Musings

From: Jose Ramos <jose_at_kobo.es>
Date: Fri, 08 May 1998 08:36:37 +0200


I have too much free time, it seems.

PM>>What definition of science are you using? No RW scientist follows
>>these precepts. =
>

JL>OK, here's some ammo to use against me: I am not a scientist.
>(as if you hadn't already guessed.)
>
>Common sense definition: science is knowledge.
>
>Your move.
>

I consider myself a scientist (when I get paid), and science is more about confirming your ideas about the natural laws to get something. When your ideas are proven wrong, sometimes you will make new ones, but preconceived theories are the base of science.

Science is a model. Just that. And to build a model you need to suppose how things work.

Ian or Katts>Ah yes, but not among those most Orthodox of Westerners, the Brithini.
>Malkion was a heretical Brithini, after all ...

Inmortality is the most anathema of spells to them, as a true brithini does not need them. I suspect you will suffer horrible tortures during all those long years you extended inmortality to...

[JL again]>Undigestible Glorantha Digest number 599 archived unread. Can any one tel=
>l me what was in it?=
>

More early third age hammering with still more second age source tossing. Actually I liked it. It is fun to see how they try to reach a consensus only to change the subject of the argument.

And both convince me. Is that dangerous?

[JL]>Well, yes, but I meant what I said, albeit laconically.
>Gloranthan clan leaders, kings, generals, emperors,
>shopkeepers, ship captains and other practitioners of
>politics and economics surely take steps to ensure
>the best use of the magics that they or their assistants and
>subordinates command. IMO this invalidates many parallels
>one could be tempted to draw between RW pre-industrial economies
>and the magical economies of Glorantha.

Don't forget you are dealing with Religion and the Divine. Magic is only a fixed affair for the Brithini. For the rest, tradition and prejudice hold more weight. And anyway tradition and prejudice are 100% brithini too.

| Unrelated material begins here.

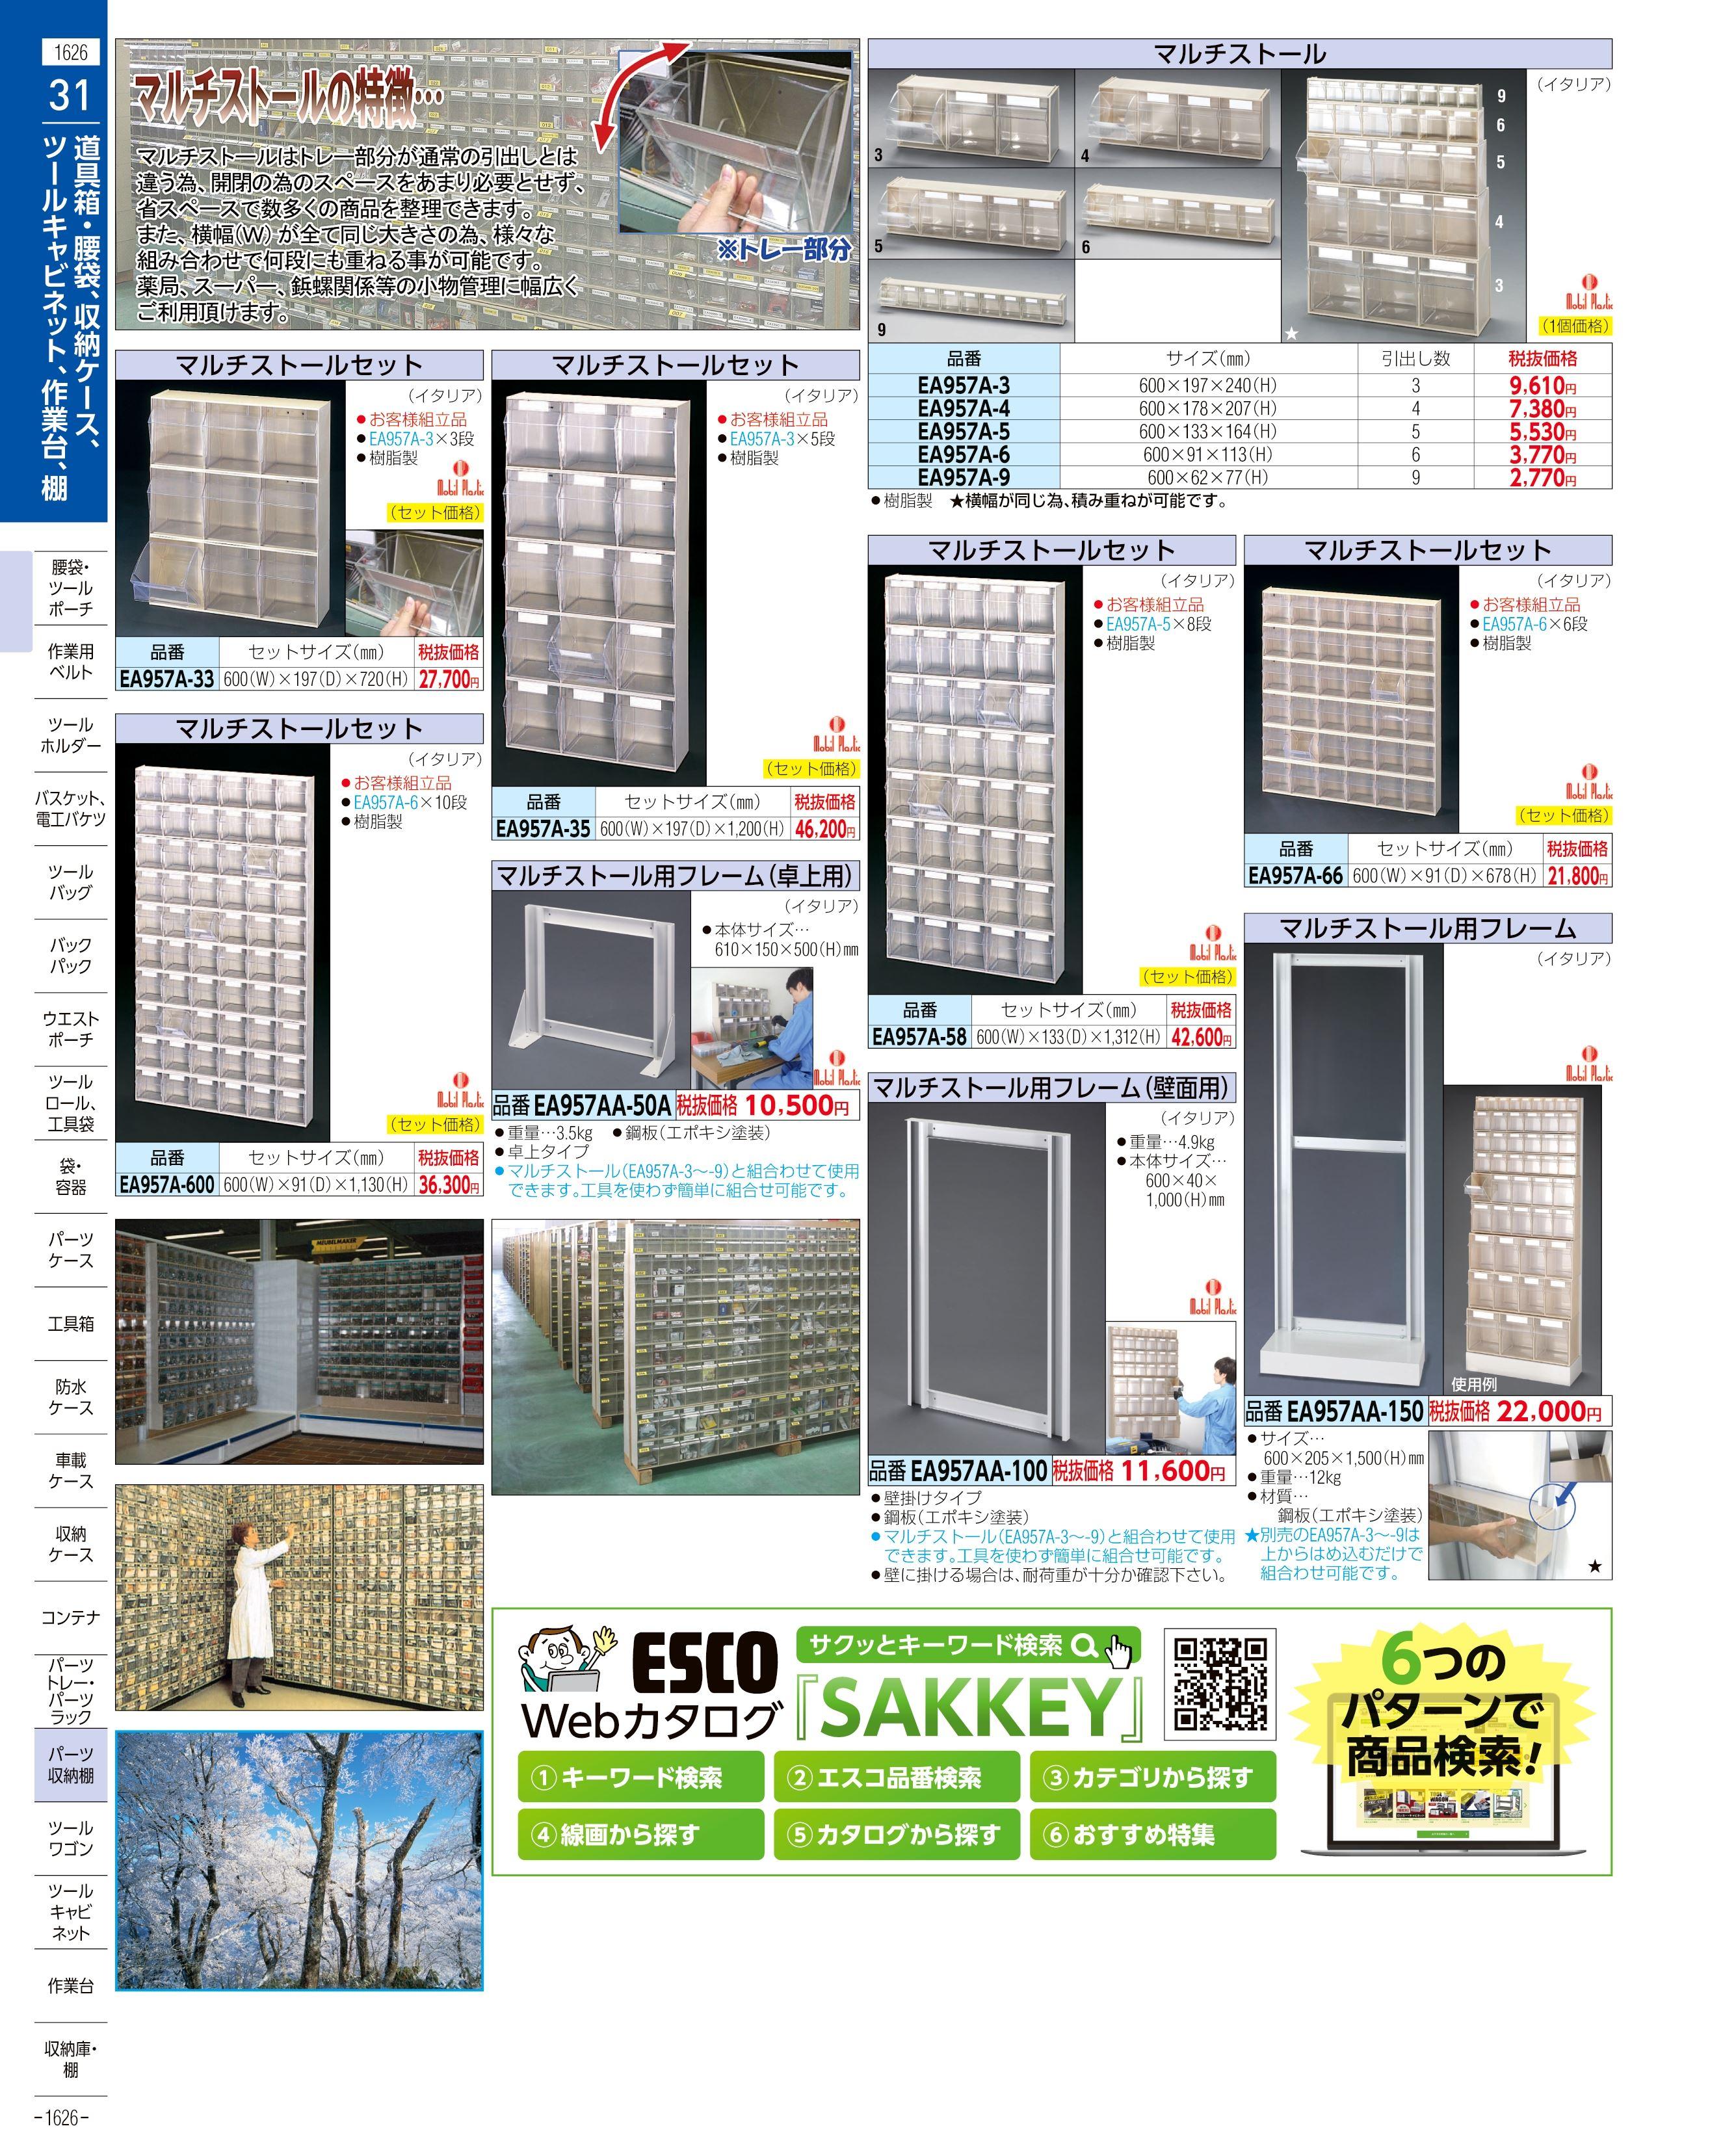 エスコ便利カタログ表紙

[NB]>Julian Lord follows up someone's mention in passing:

Hey, I've got a name (and I am not cited often).

I agree with Nick's views on Solace. Indeed, one of the charms of henotheism is that it offers many new spiritual helpers that will help you along. Maybe you don't make it into Solace in the first try, but a short stint in Zorakarkat legion of Demons and if you behave well, you will reach there, eventually. Unless the Green Lady decided to send you back to Glorantha for a rematch. Or Orland, who never leaves one of his own, offers you shelter in his camp until you are ready. And simple dissolution is too light for sinners, so they will suffer unspeakable tortures in hell before dissolving. Although if you are a Felstran who dies far from the lake your soul will become one of the sorrwful lakegulls, always crying their loss, and yearning for the waters. And the list goes on and on. Pick any country in Safelster and you will have at least twenty different takes of Solace.

[NW]>My theory is that Malkioni saints are rather like
>mahayana buddhist bodhisattvas, i.e. they have achieved
>Solace but chosen to remain "hovering" between the
>mundane world and Solace in order to help the remaining
>people to be good and virtuous so that they can also
>goto Solace upon death.

This has the added advantage that in the RW some bodhisattvas have been worshipped as gods, something that happens in henotheist lands too.

I take Saint to mean a human (or other mortal race) that has attained grace and still hangs on to help others reach Solace. That means that for some henotheists Orlanth, Ehilm and company were people in the far past who did great things and now are helping others. Nick stressed the humanocentric nature of Malkioni society in his gods essay, and that is IMO the most important feature of Malkionism. Everything was made for, or by, men. And a man will be saved or lost by his own merits, with a little help from his friends.

I like that human superiority complex, even if taken to the extreme it produced the God Learners, the ultimate human supremacists. There is something gratifying in being above the gods.